Given data Start Marker
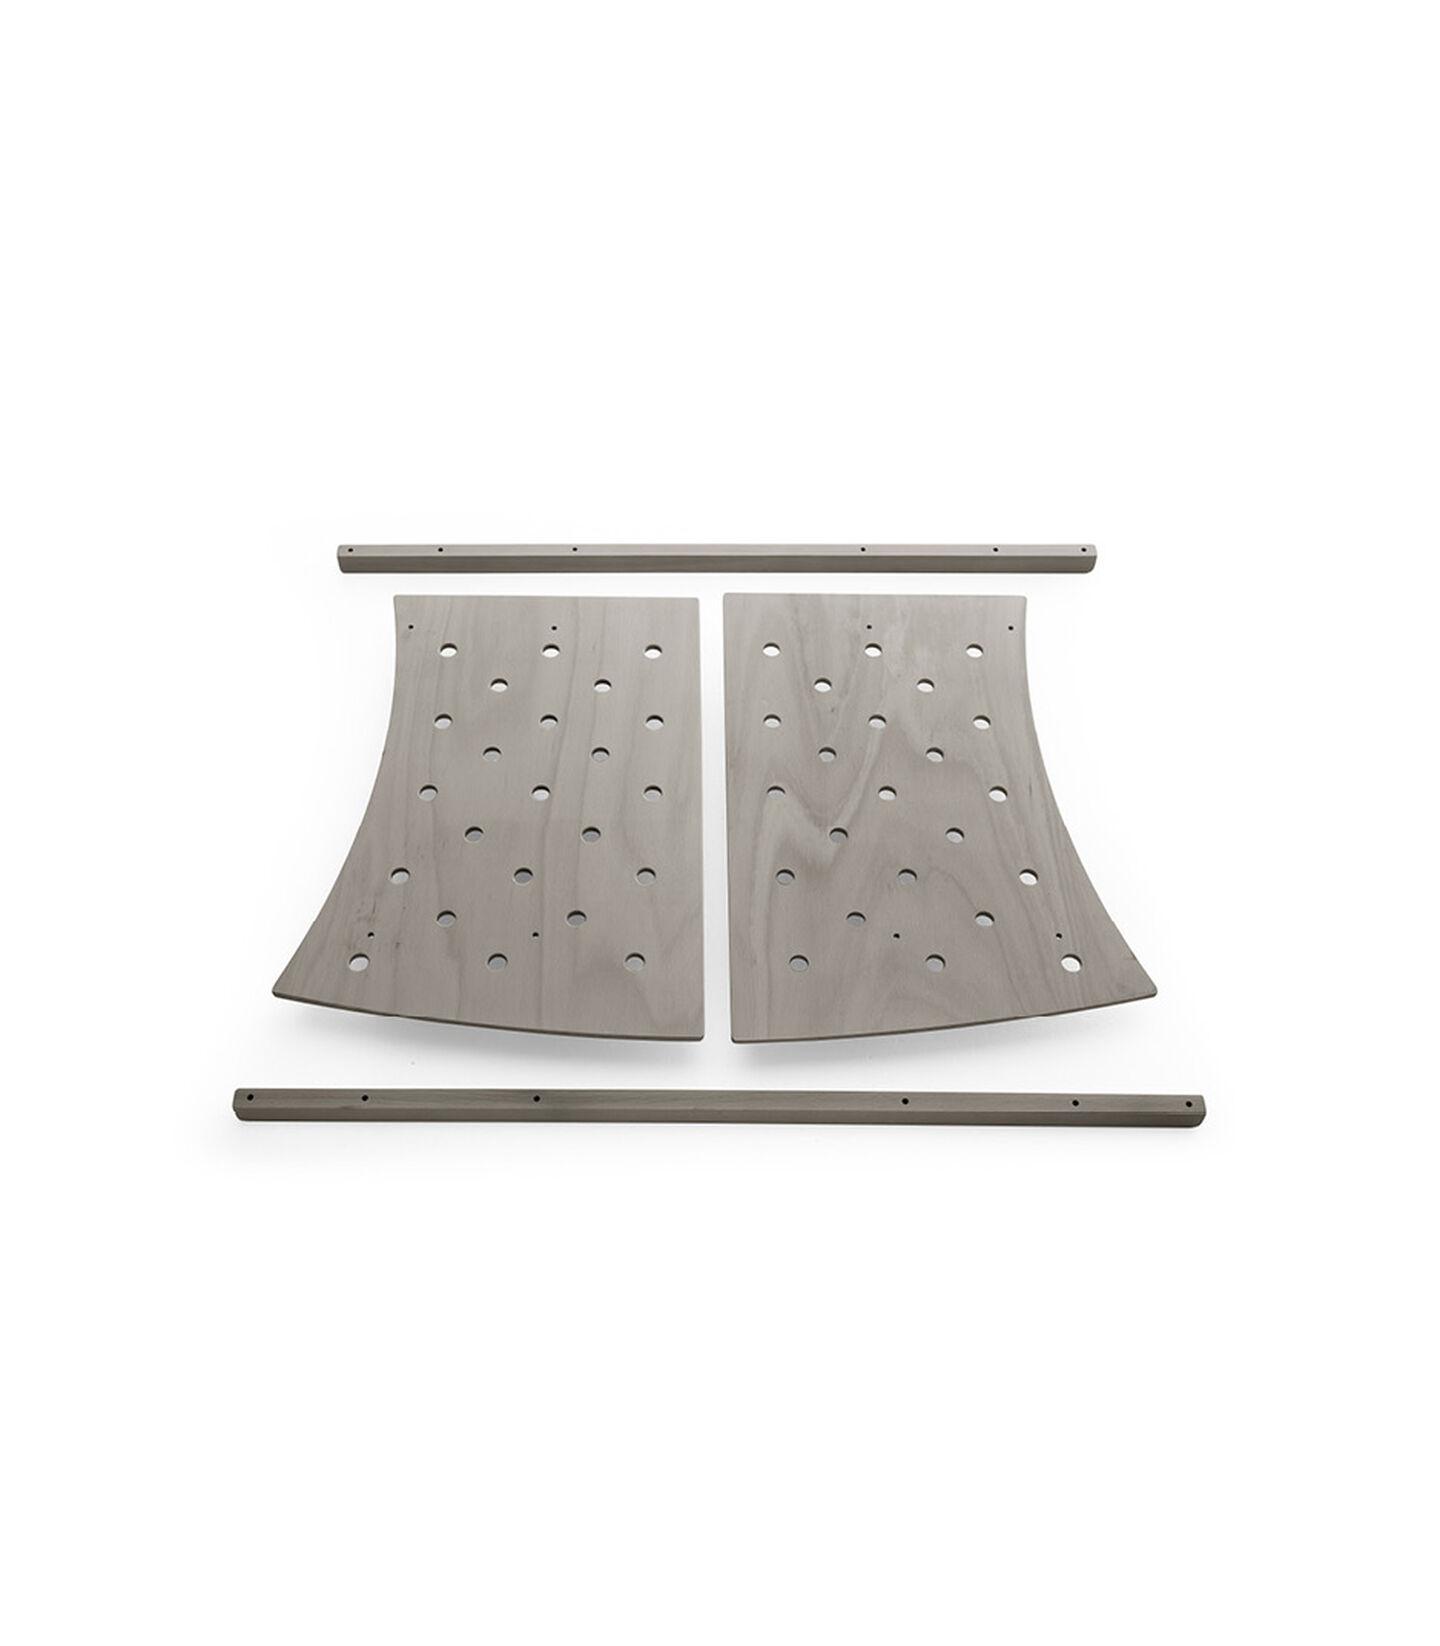 Stokke® Sleepi™ Junior Extension Hazy Grey, Hazy Grey, mainview view 2
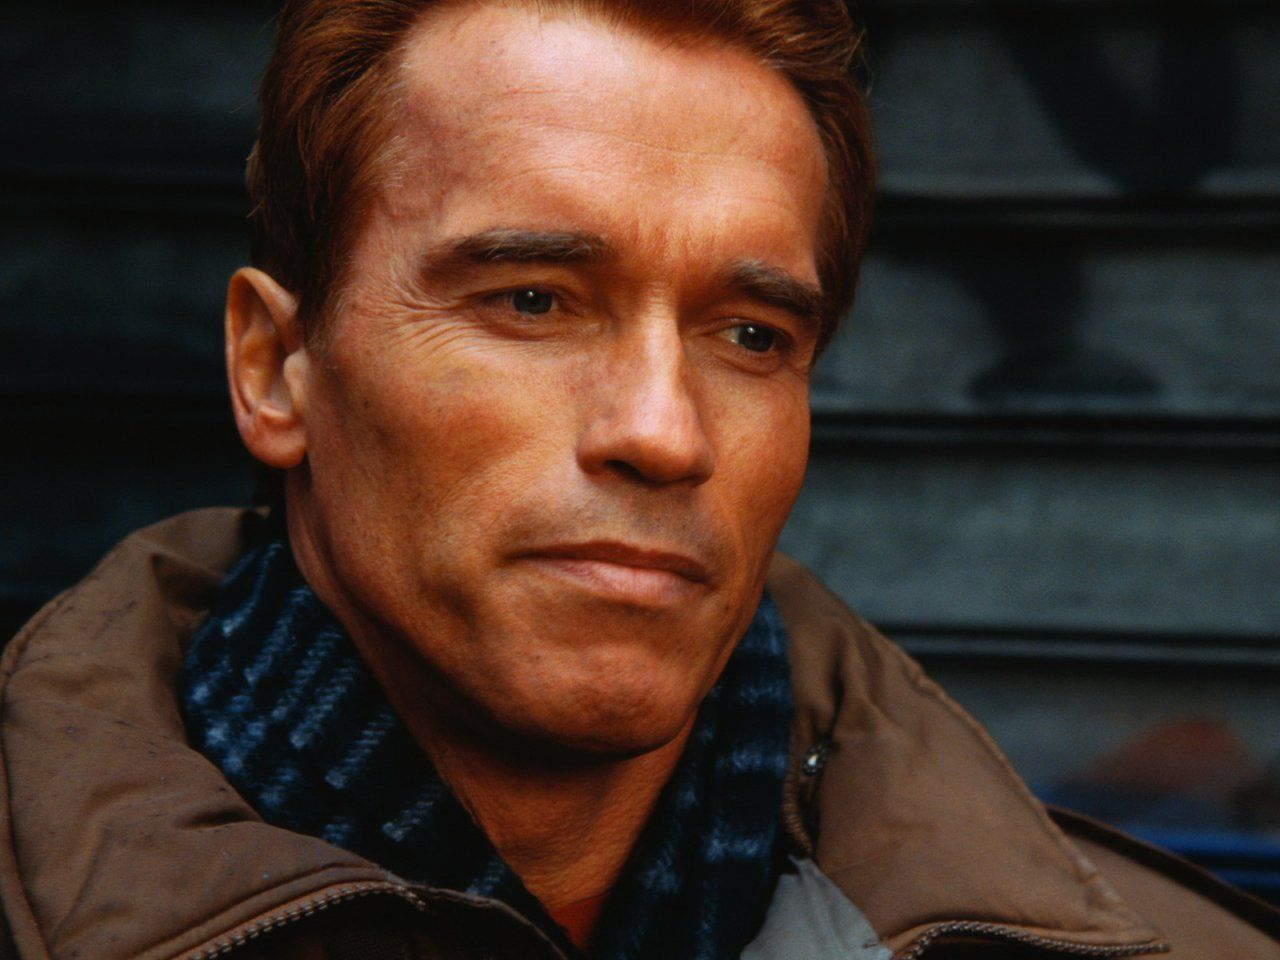 Arnold Schwarzenegger Jpg Jpeg Image 1280 960 Pixels Scaled 62 Cine Dibujos Personajes
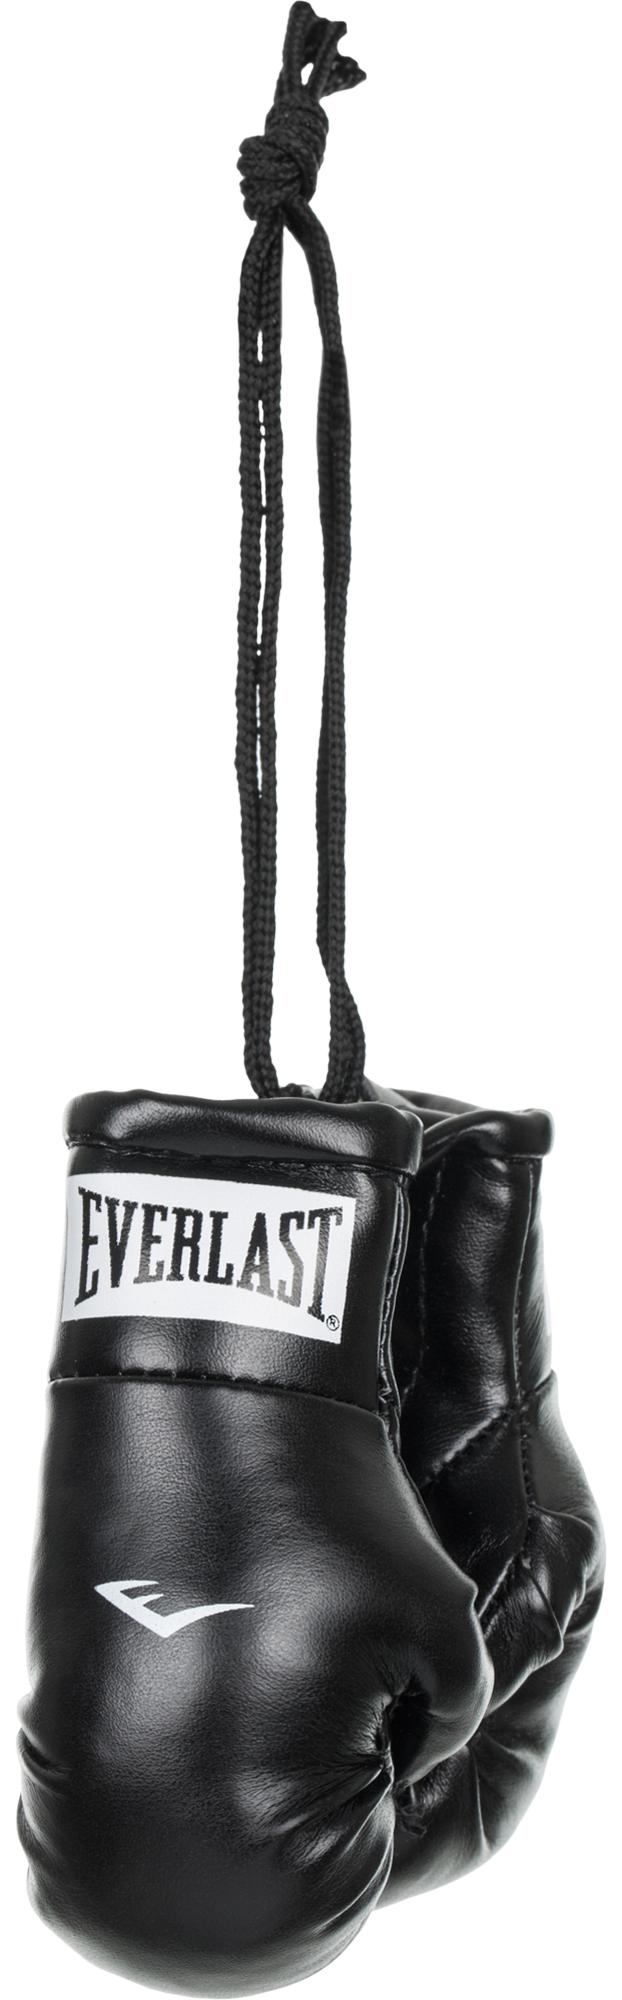 Everlast Брелок Everlast точная копия швейцарских часов
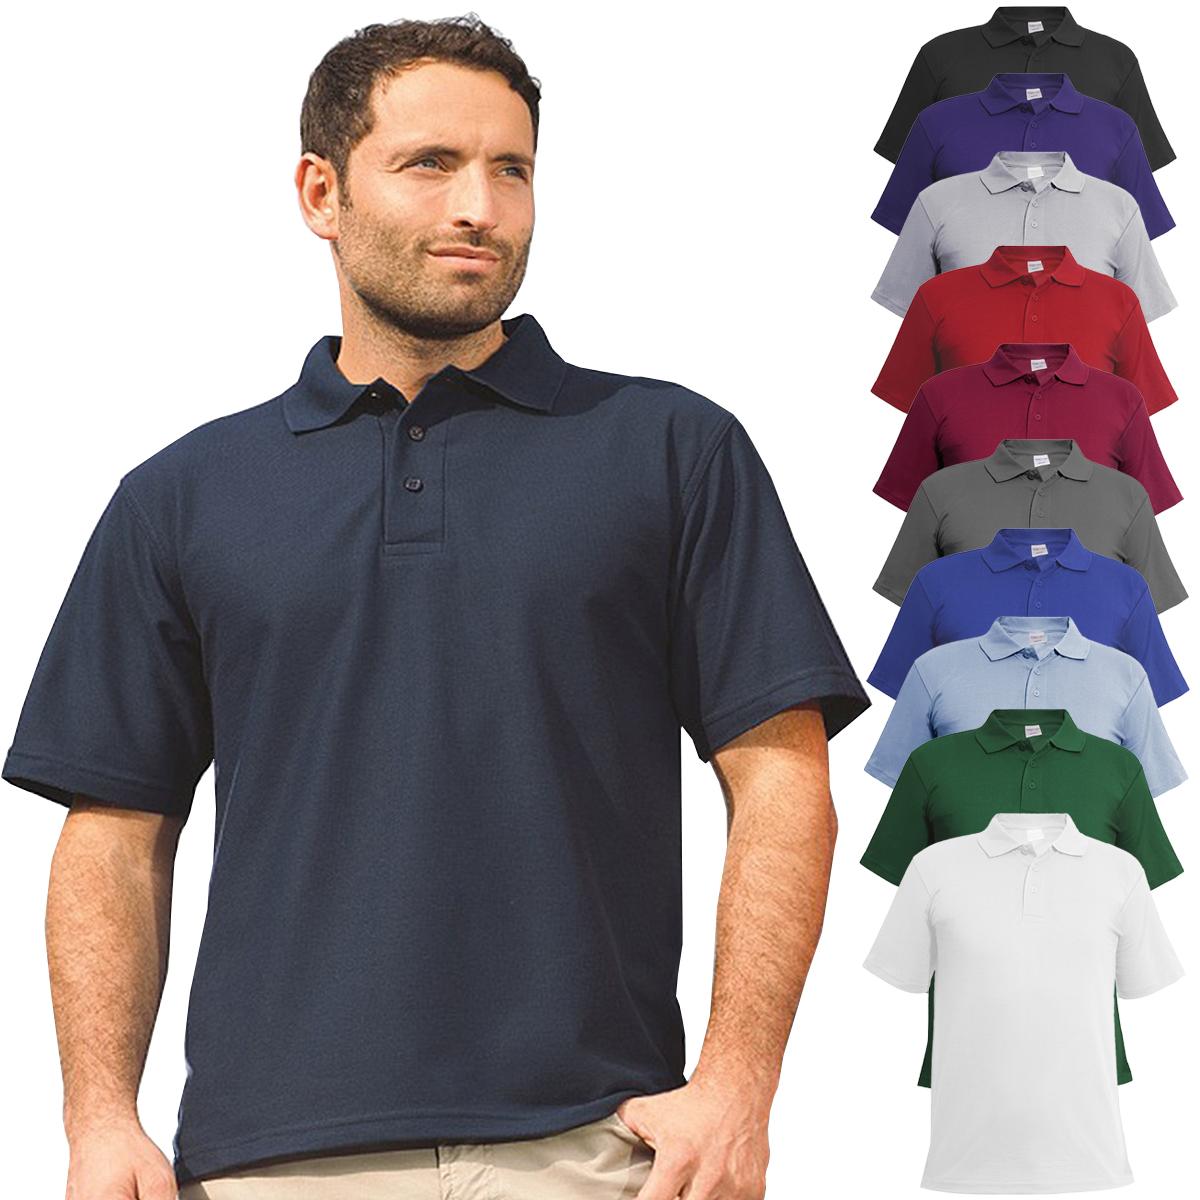 7799510b23d2 Mens Plus Size Classic Polo Top T-Shirt Plain Shirt Big And Tall Short  Sleeve
Given data End Marker
Beginning with the line that contains "Arnold Schwarzenegger Jpg" and ending with the last line of the data above, output those lines exactly and nothing more, without any pictures.

 Arnold Schwarzenegger Jpg Jpeg Image 1280 960 Pixels Scaled 62 Cine Dibujos Personajes
 Everlast Брелок Everlast точная копия швейцарских часов
 7799510b23d2 Mens Plus Size Classic Polo Top T-Shirt Plain Shirt Big And Tall Short  Sleeve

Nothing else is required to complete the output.